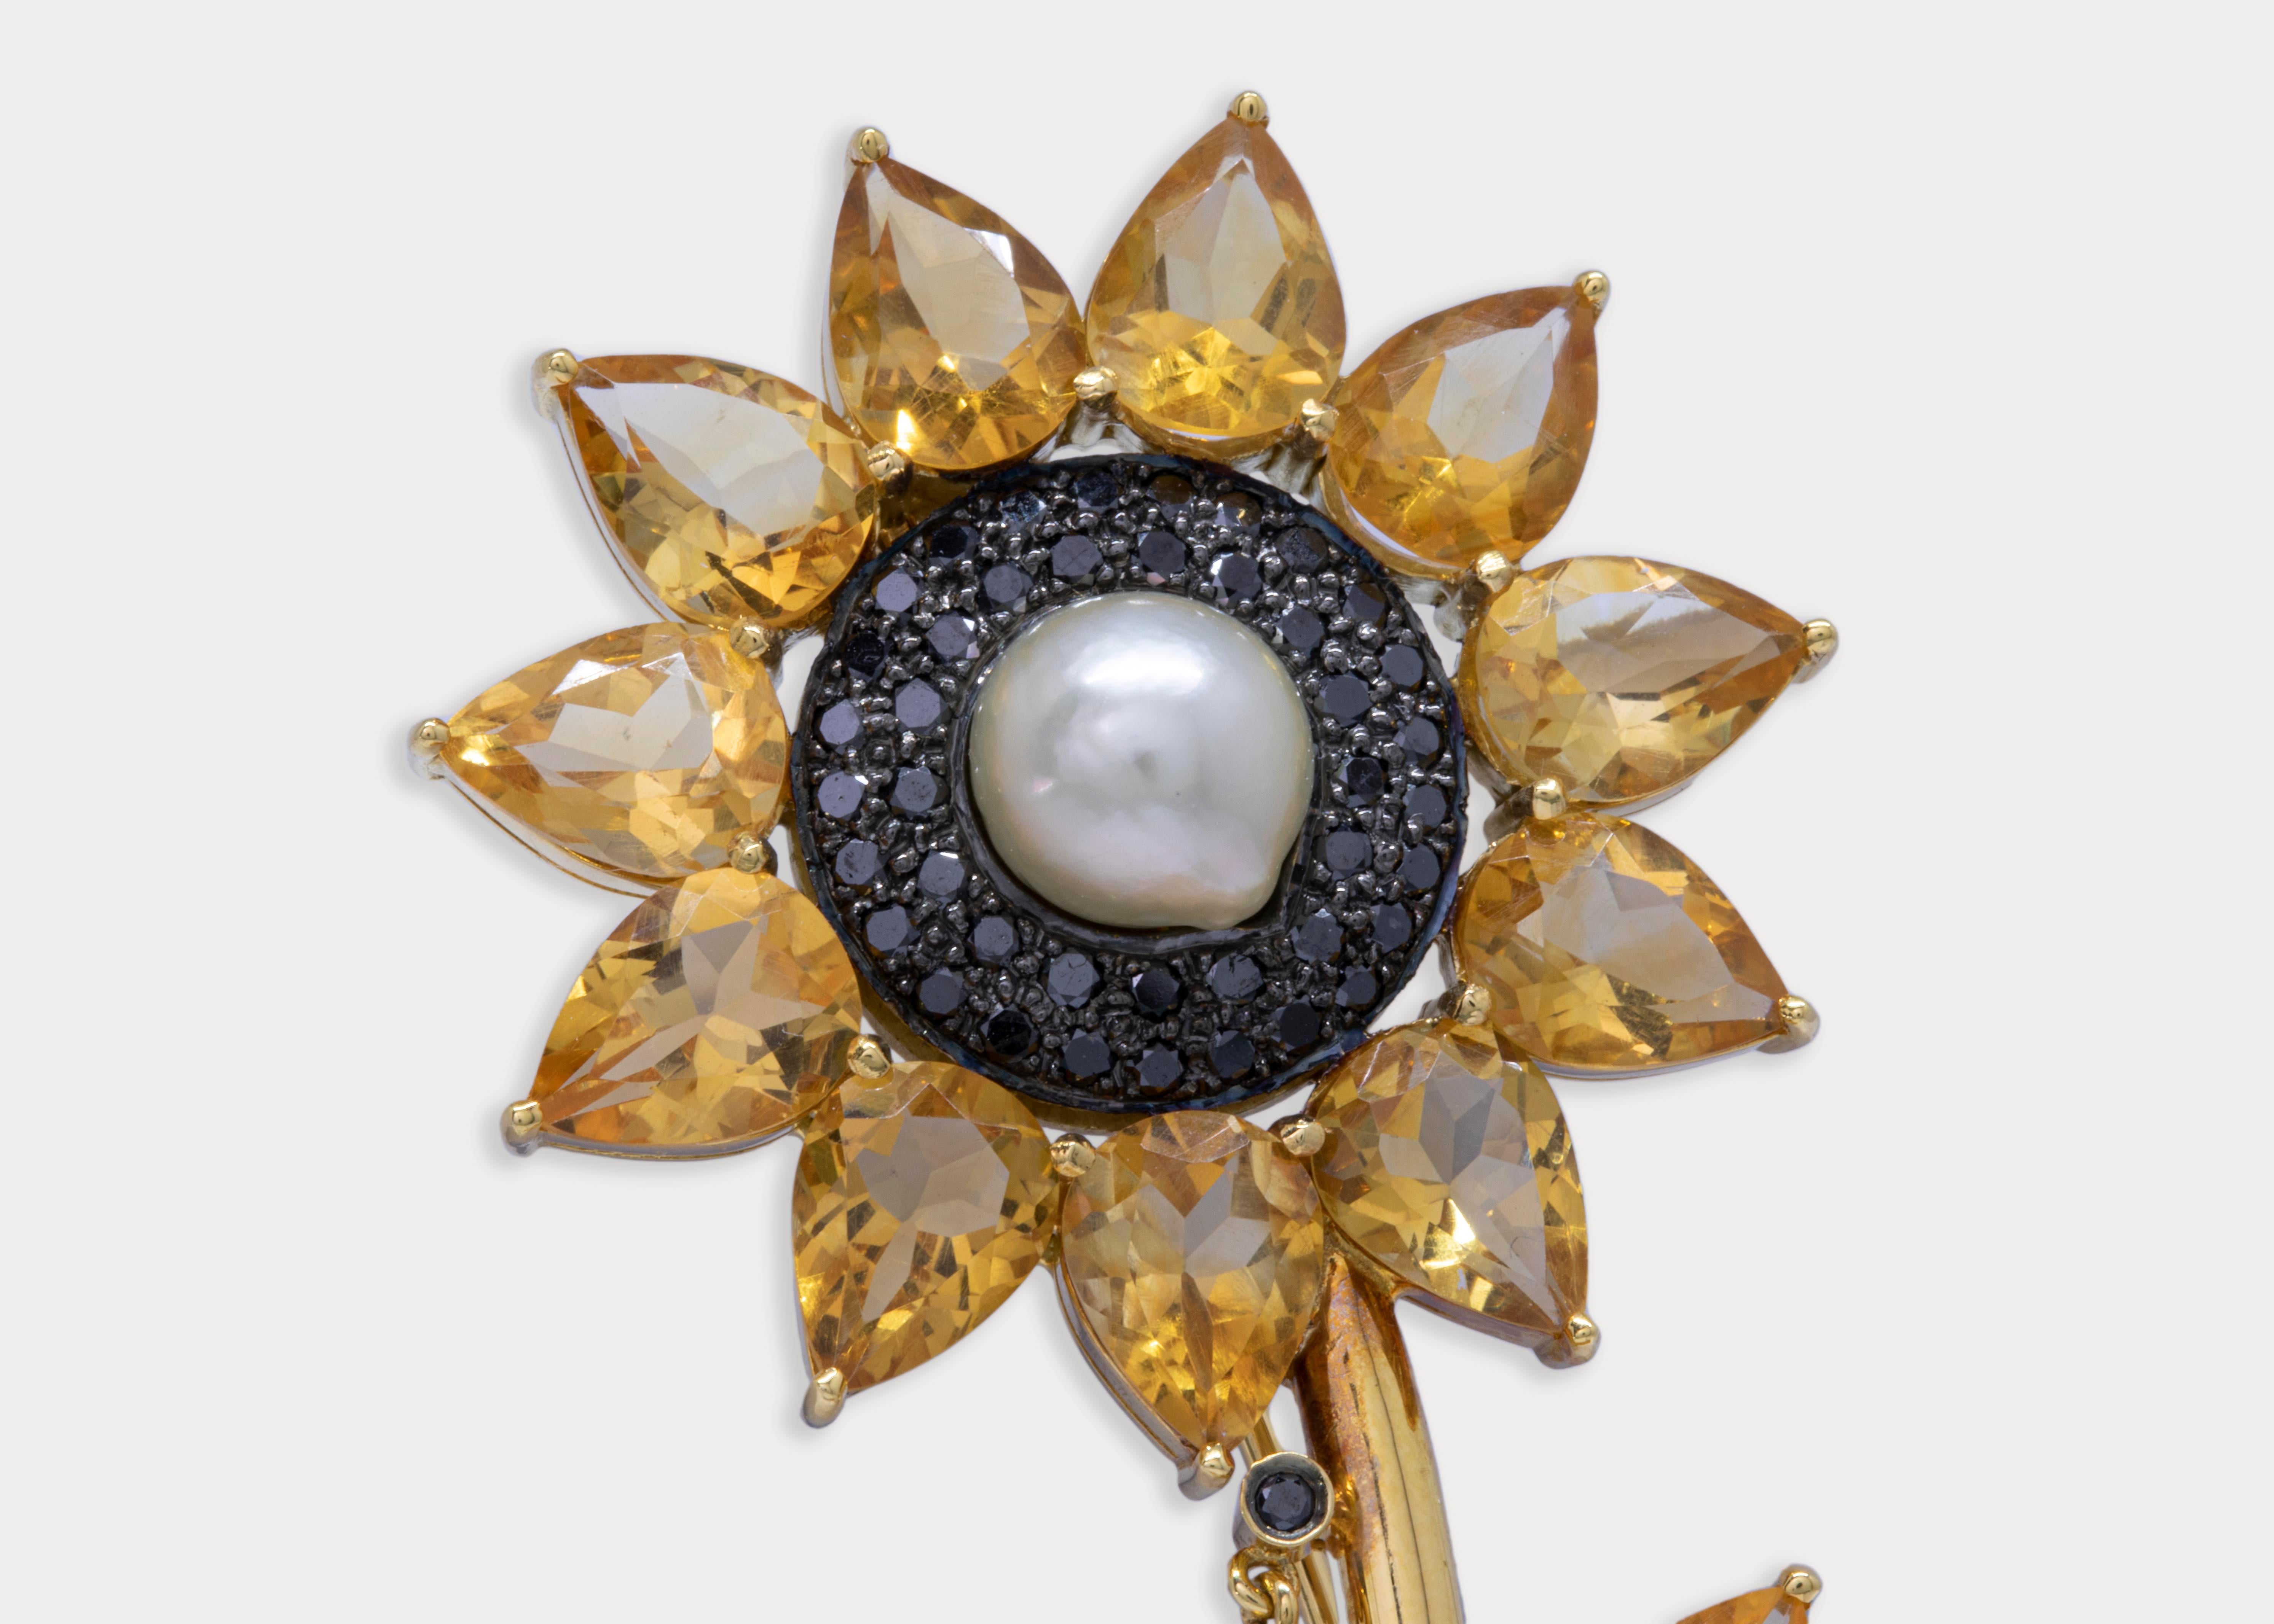 Identical citrine stones double as sunflower petals in this one of its kind 18k yellow gold brooch.
The center pearl is surrounded by black diamonds .

Gold Weight: 16.9 g
5 Pearls Weight: 6.04 ct.
Citrine Weight: 13.35 ct.
Black Diamonds Weight:
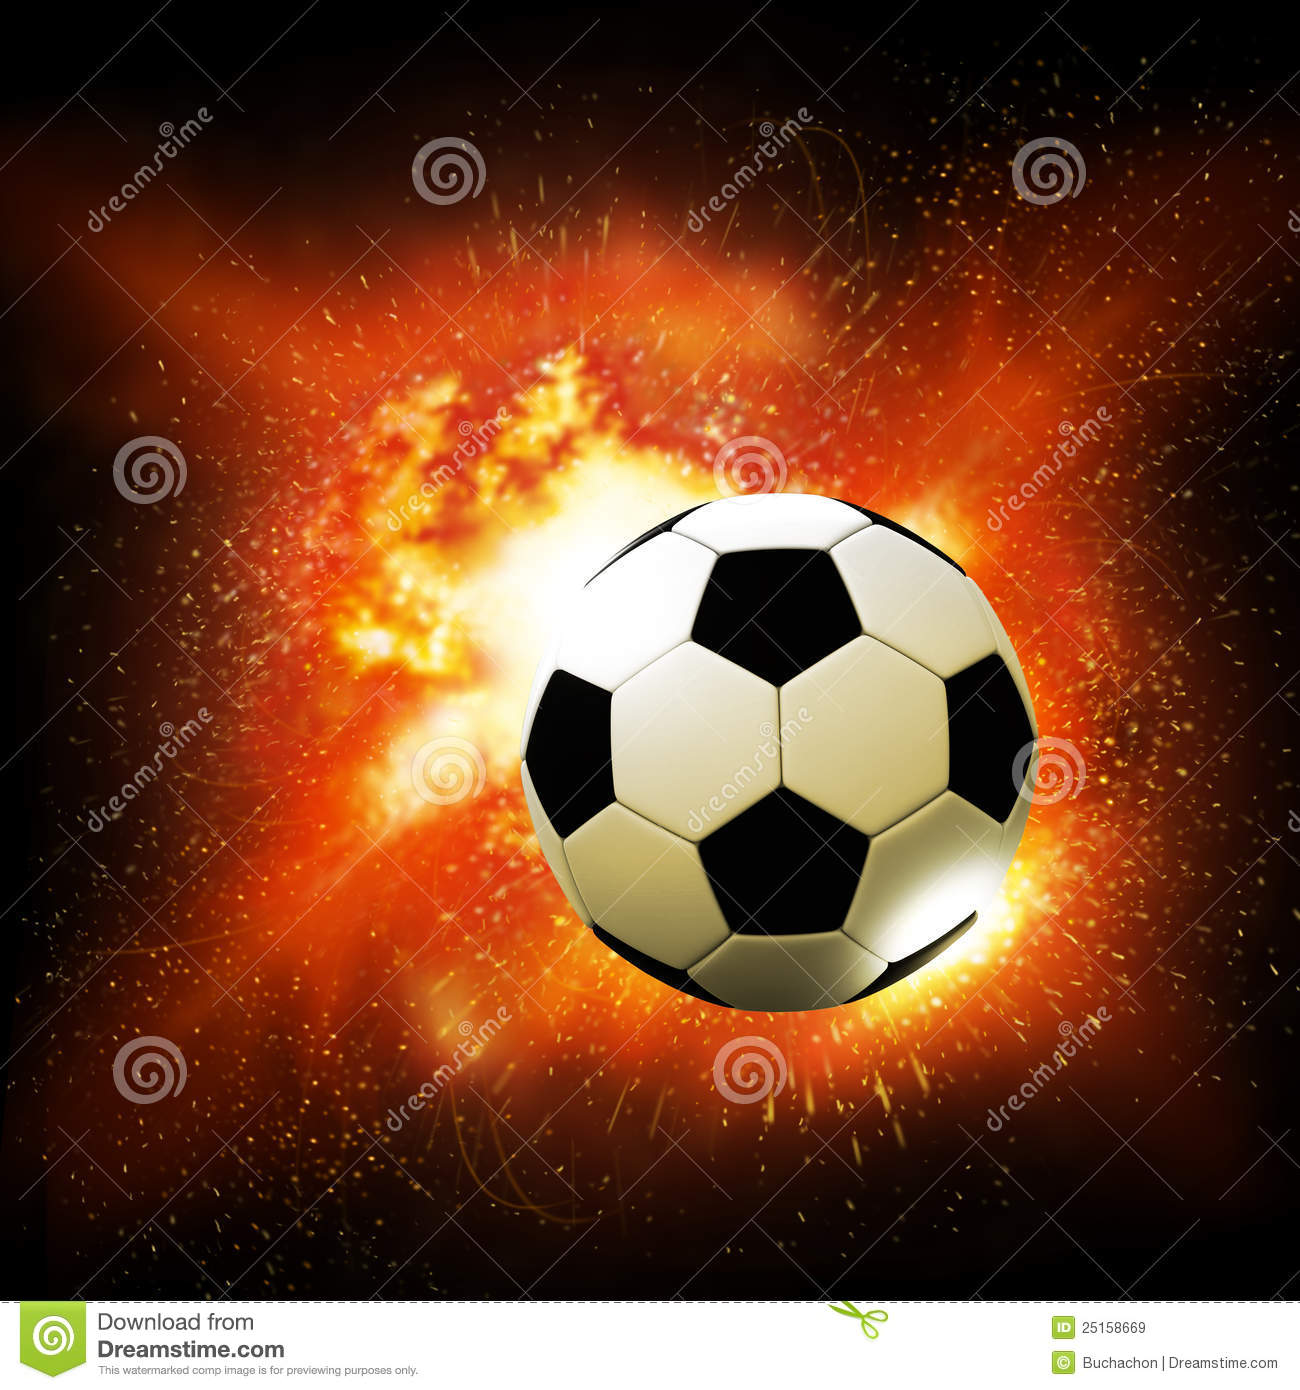 Flame Soccer Ball Royalty Free Stock Images   Image  25158669
# # # # #
- **Work required**: Keep the pictures out and transcribe the listing exactly.

- **Your response**:
 Identical citrine stones double as sunflower petals in this one of its kind 18k yellow gold brooch.
The center pearl is surrounded by black diamonds .

Gold Weight: 16.9 g
5 Pearls Weight: 6.04 ct.
Citrine Weight: 13.35 ct.
Black Diamonds Weight:
 Flame Soccer Ball Royalty Free Stock Images   Image  25158669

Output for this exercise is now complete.